*Exercise goal:* All the lines below should be set down exactly, with no picture carried into the copy.

*Source material:*

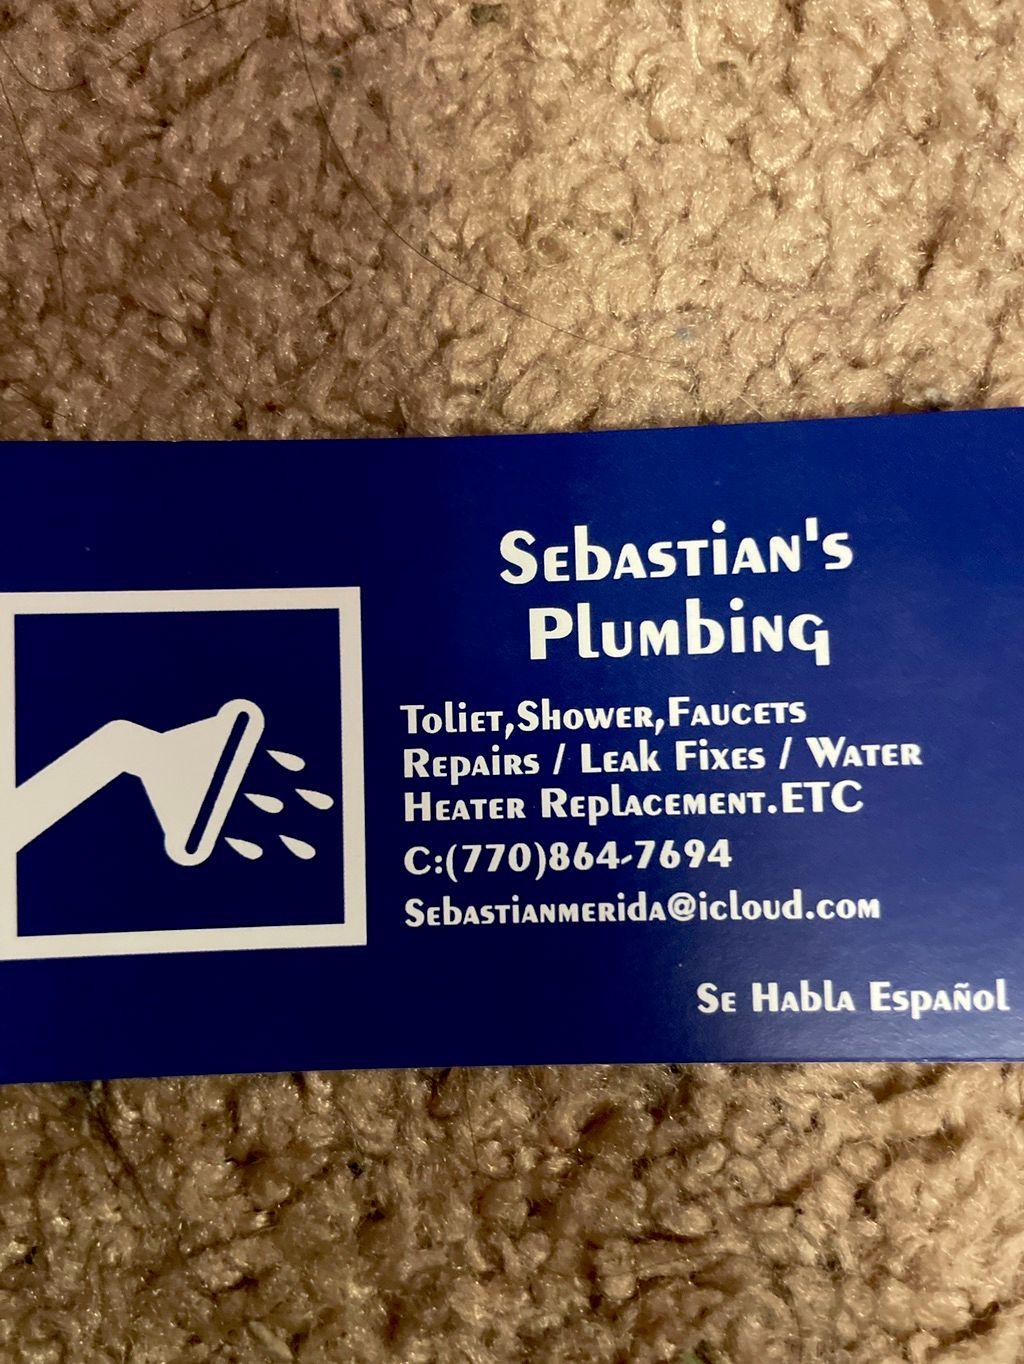 Sebastian's Plumbing
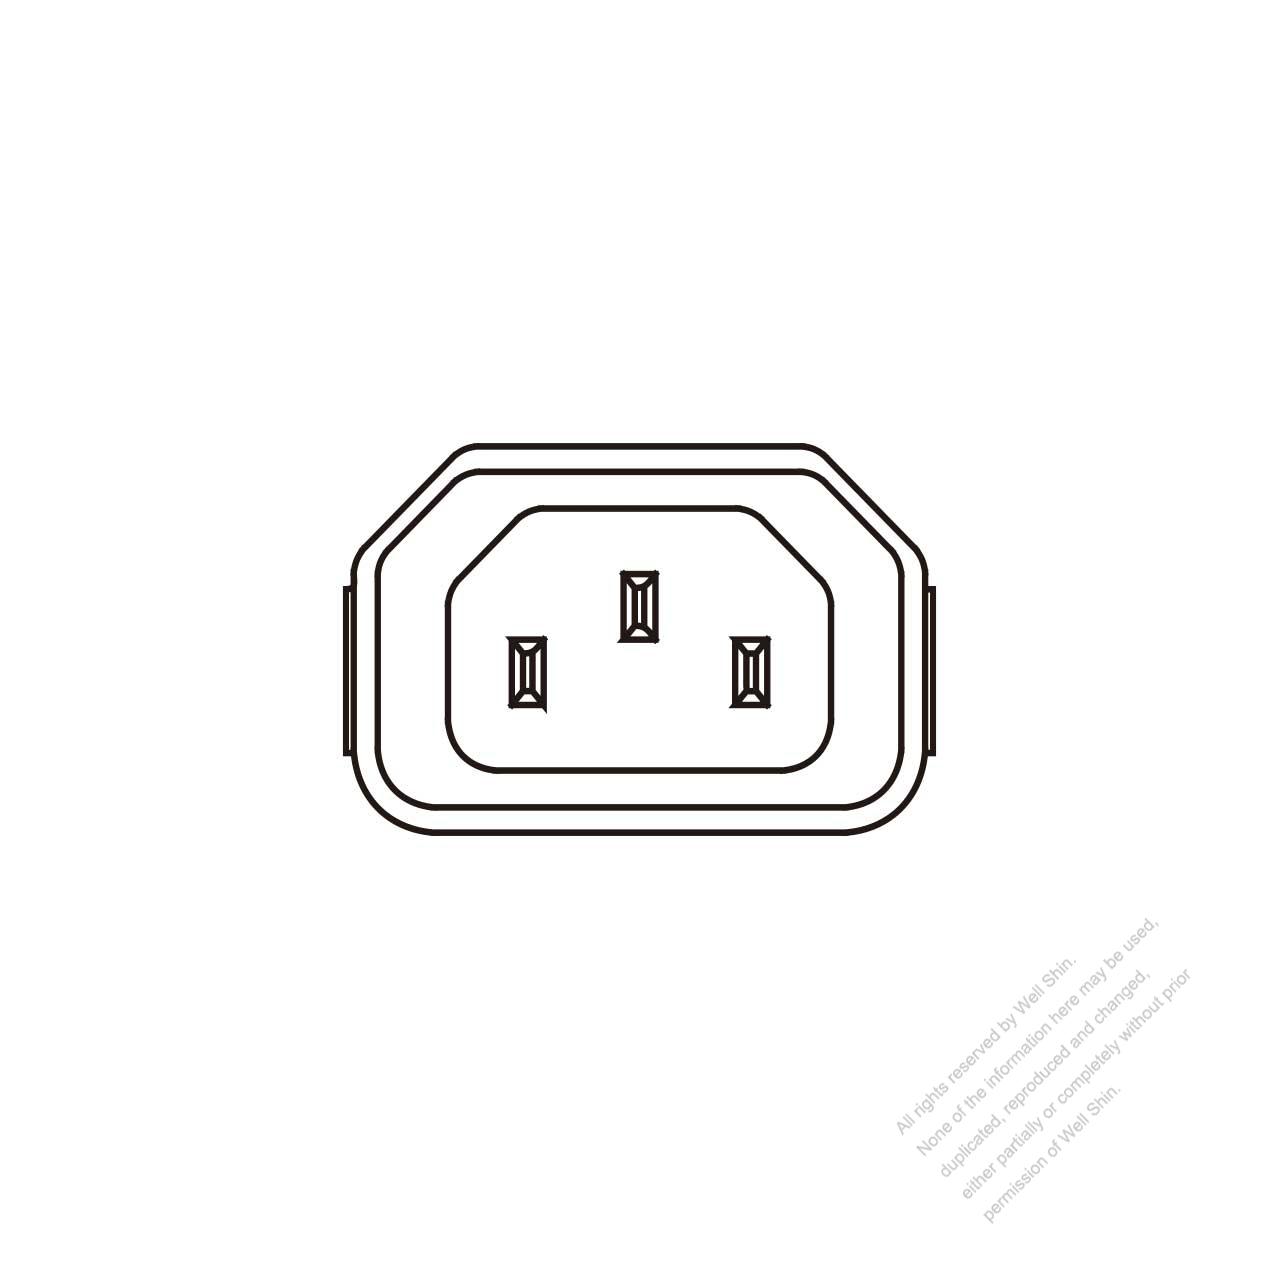 iec 60320-1  c14  appliance inlet 10a 250v
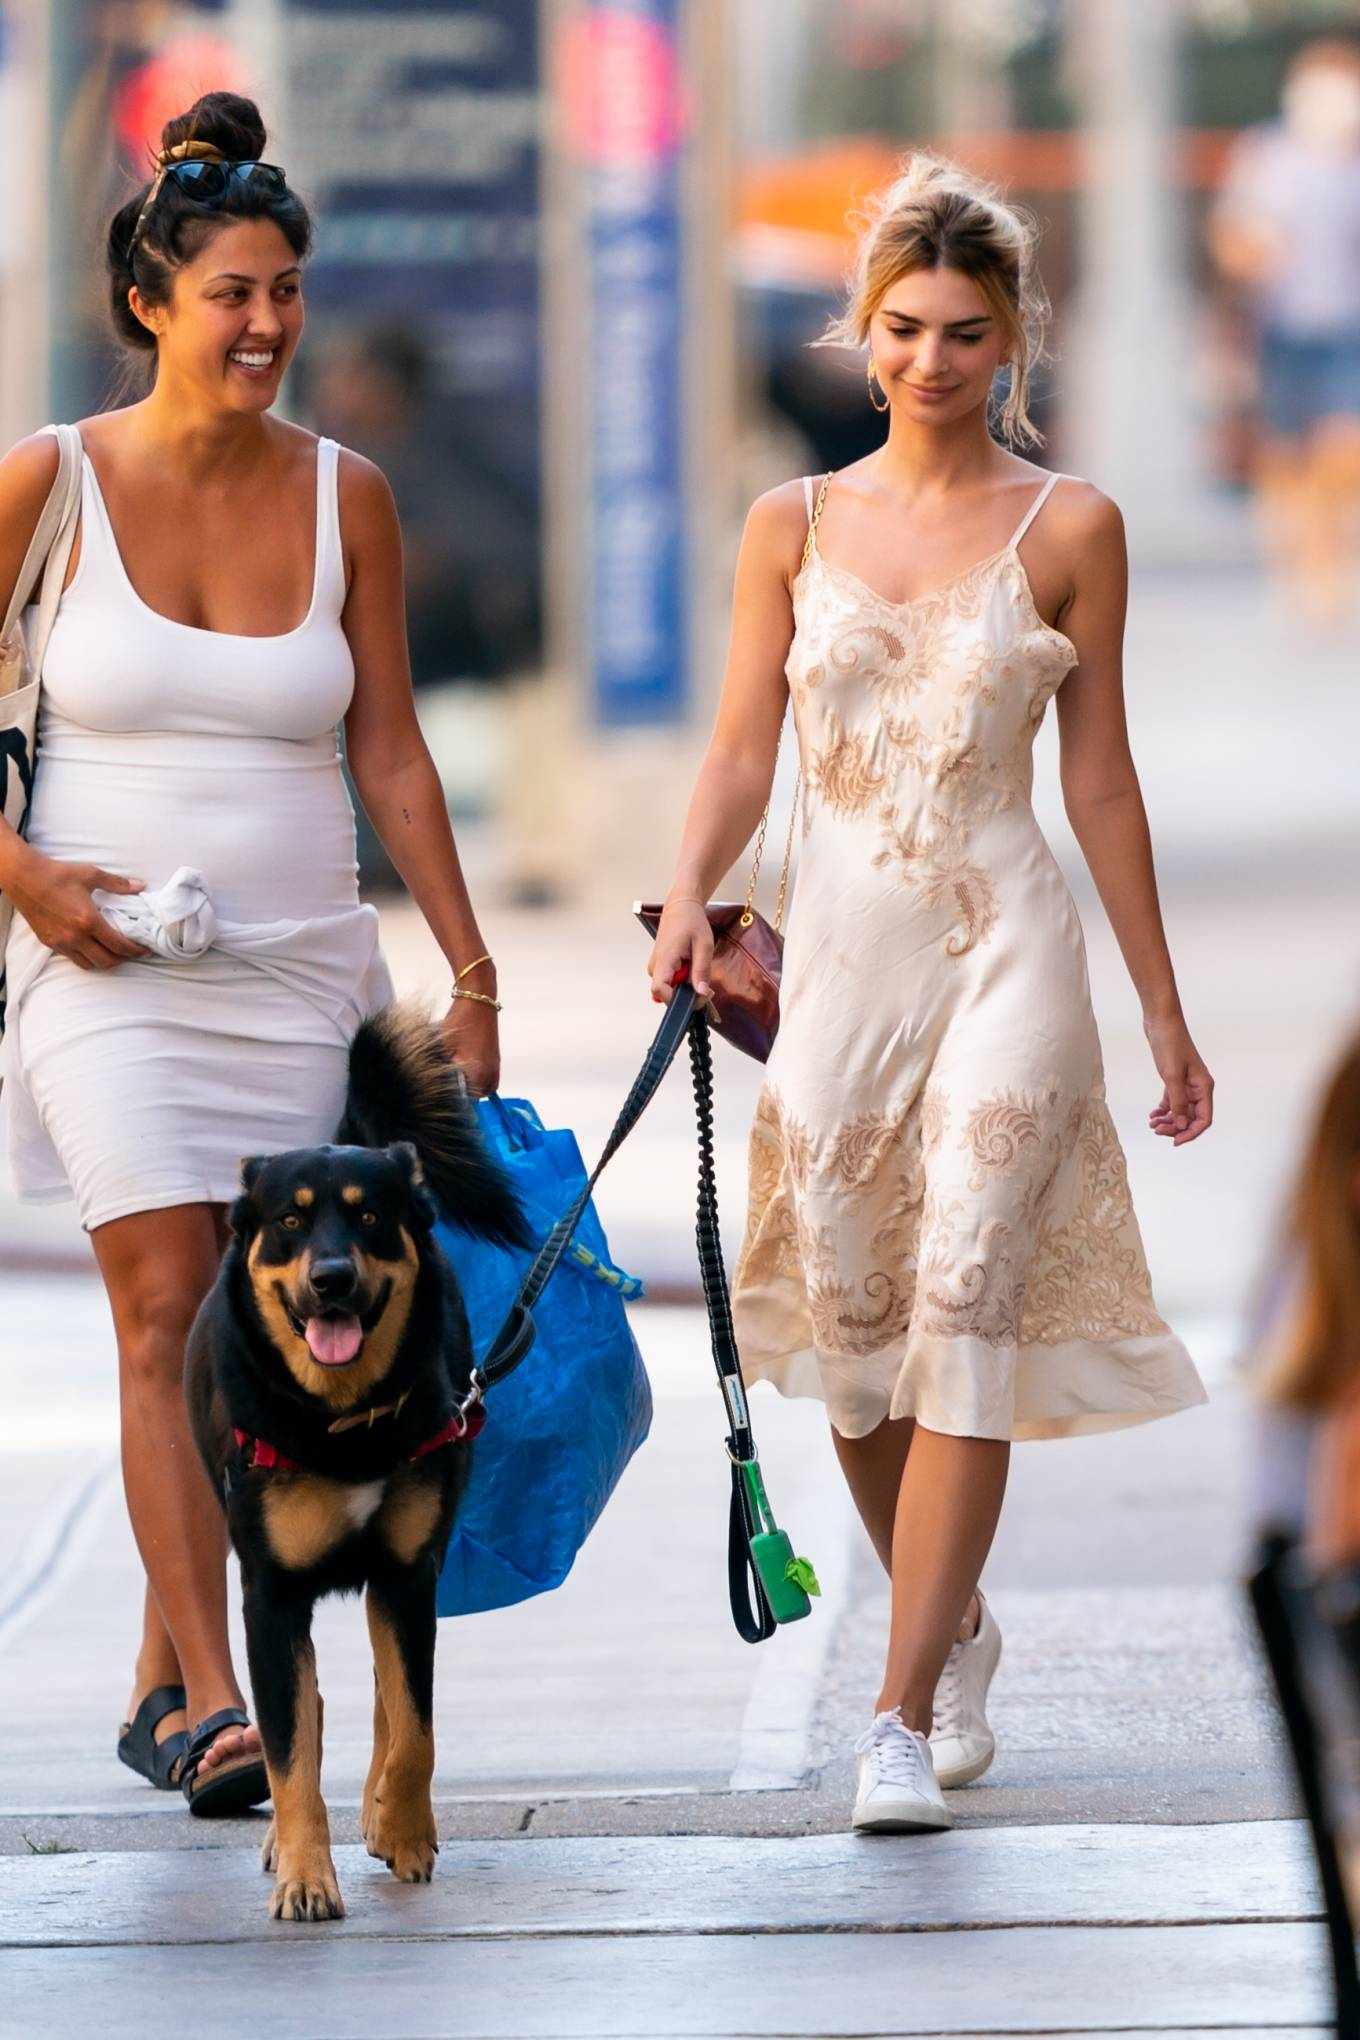 Emily Ratajkowski - Walking her dog Colombo in New York City

*Reply to the task:*
 Sebastian's Plumbing
 iec 60320-1  c14  appliance inlet 10a 250v
 Emily Ratajkowski - Walking her dog Colombo in New York City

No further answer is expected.